Clinical decision-making could be cause of high admission rates at Letterkenny University Hospital

Letterkenny General Hospital
 
The HSE National Director for Acute Hospitals has suggested that admission rates to Letterkenny University Hospital are higher than other hospitals due to a difficulty to attract and retain senior clinicians.
40 percent of patients who visit the Emergency Department in Letterkenny are admitted to the hospital, 14% higher than the national rate.
Liam Woods, the HSE National Director for Acute Hospitals has said that clinical decision-making is a factor behind major variations in hospitals’ admission patterns.

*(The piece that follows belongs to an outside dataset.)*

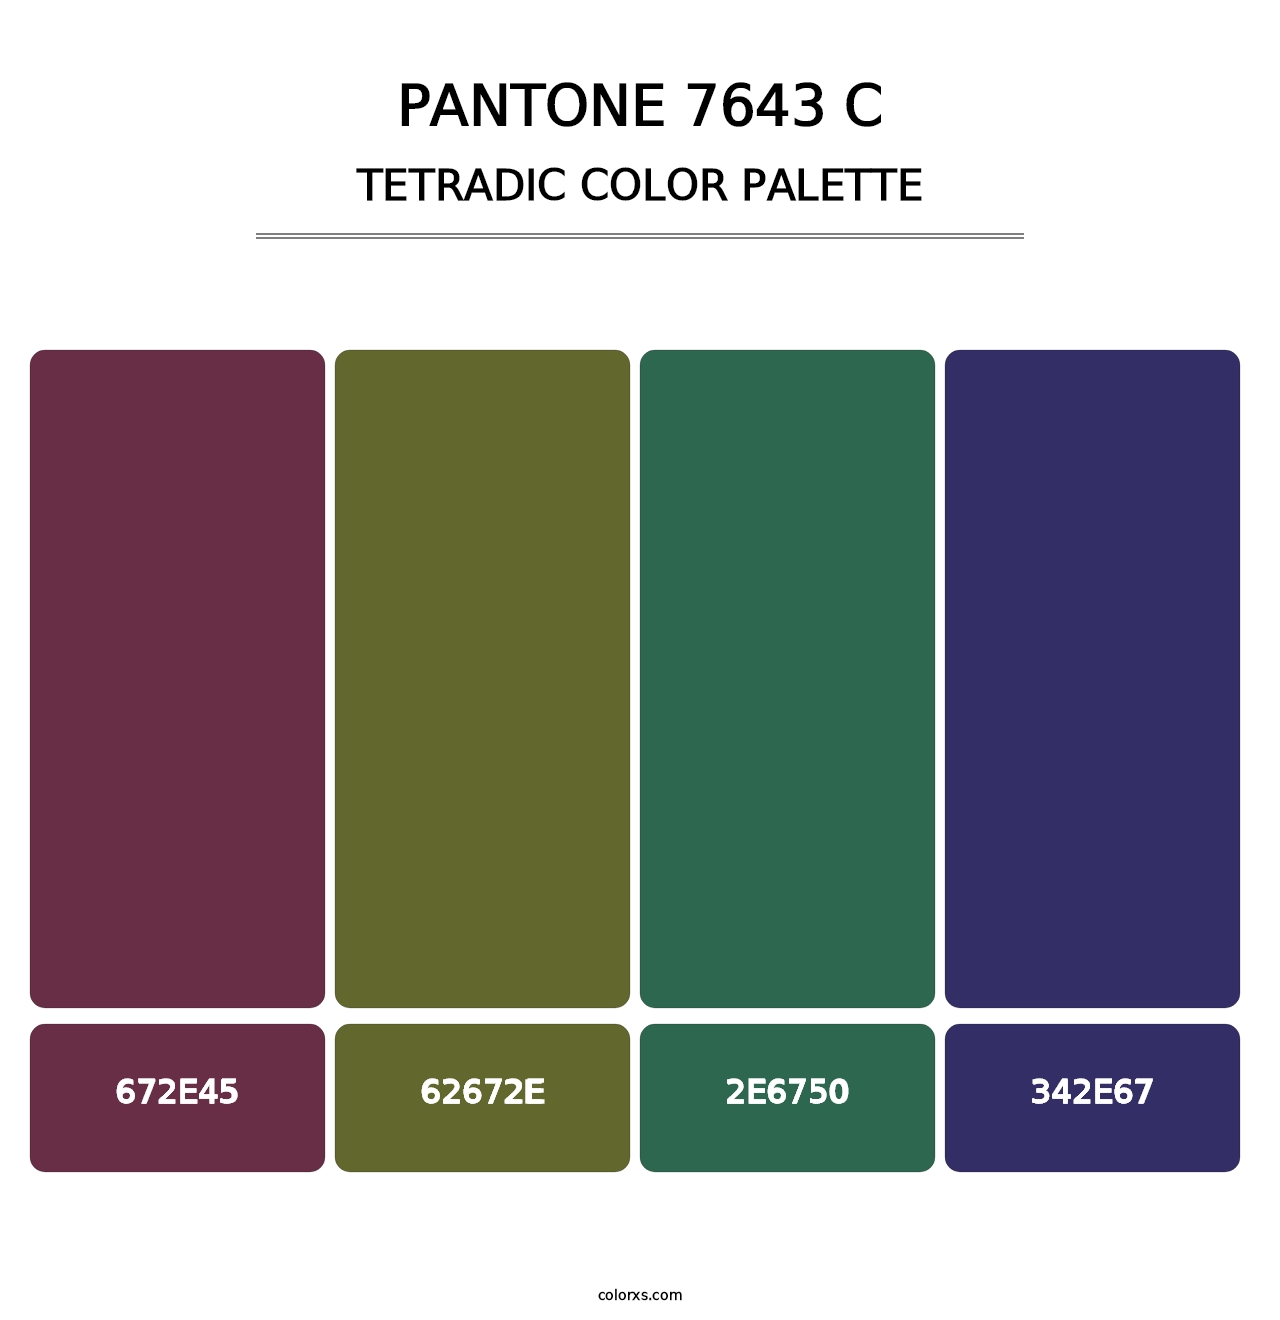 PANTONE 7643 C - Tetradic Color Palette
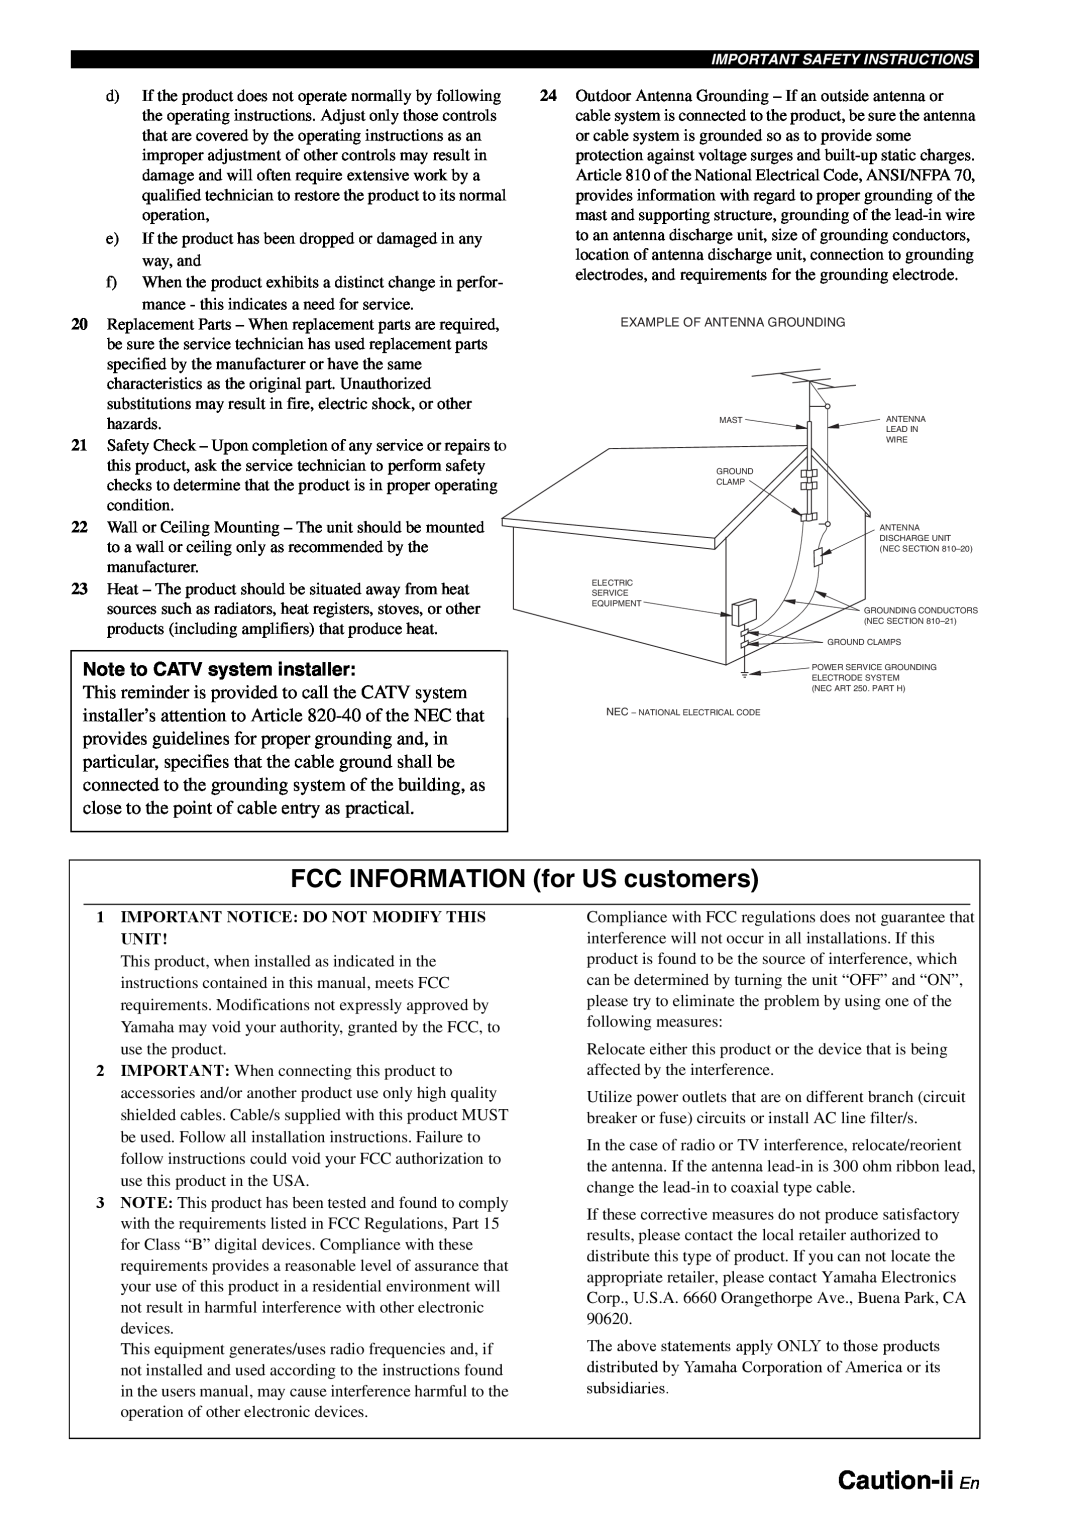 Yamaha RX-V863 owner manual FCC INFORMATION for US customers, Caution-ii En, Note to CATV system installer

He told a seminar in Dublin that Letterkenny University Hospital has a propensity to admit 40 per cent of patients from the ED compared with a rate of 27 per cent nationally.
He noted that the admissions rate varied widely: from as low as 9 per cent for children to between 55-60 per cent for those aged over 85.
In part, Woods said the reasons were geographic, but clinical decision making was also a factor. He said in Letterkenny, where patients were potentially more likely to be admitted, the hinterland population was distributed across remote areas and patients were likely to have seen their GPs before attending hospital.
But it may also be the case that in a hospital such as Letterkenny, that struggles to attract and retain senior clinicians, Mr Woods said there may be a higher degree of caution among junior clinicians thus a “higher propensity to admit patients”.
Mr Woods told the seminar that Letterkenny opened 10 additional beds over the recent winter to support the hospital’s emergency department and that had reduced the number of patients waiting on trolleys for admitance.